Common Objections — With Answers

"Adding a Judge layer doubles our latency." Only if you run it synchronously. For HIGH tier, run it async — the guardrails provide real-time protection while the Judge evaluates in the background. Only CRITICAL tier needs synchronous Judge evaluation. Budget ~10ms for guardrails, not seconds.
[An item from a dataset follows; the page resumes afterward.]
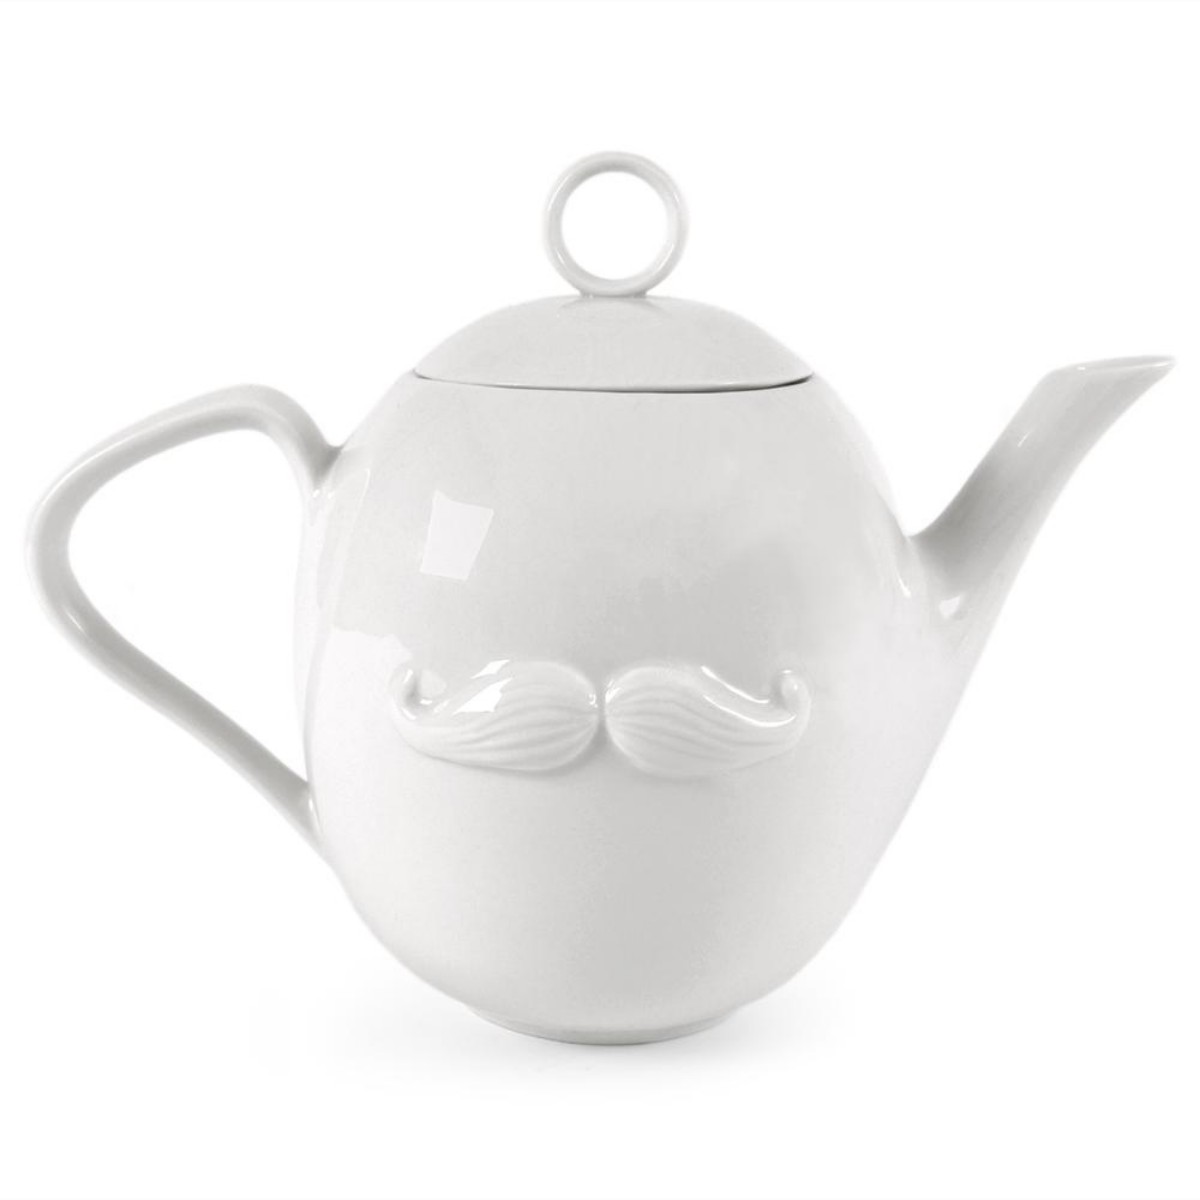 Jonathan Adler I Muse Reversible Teapot

"We're using [vendor]'s built-in guardrails. That's enough." Vendor guardrails are your first layer. The framework's three-layer pattern adds an independent evaluation layer (different model, different detection approach) and human oversight. Single-layer controls have a ~10% miss rate. Three layers compound to ~0.01%. Why Guardrails Aren't Enough.

"Our RAG pipeline grounds the model — it won't hallucinate." RAG reduces but doesn't eliminate hallucination. More importantly, RAG creates a new attack surface: poisoned documents in your retrieval corpus become instructions to the model. RAG Is Your Biggest Attack Surface.

"The infrastructure team handles security, not us." Infrastructure handles network, identity, and data-at-rest. Nobody handles the AI-specific controls (semantic evaluation, injection detection, decision chain audit, agent credential scoping) unless you design them into the pipeline. That's your job.


AI Runtime Behaviour Security, 2026 (Jonathan Gill).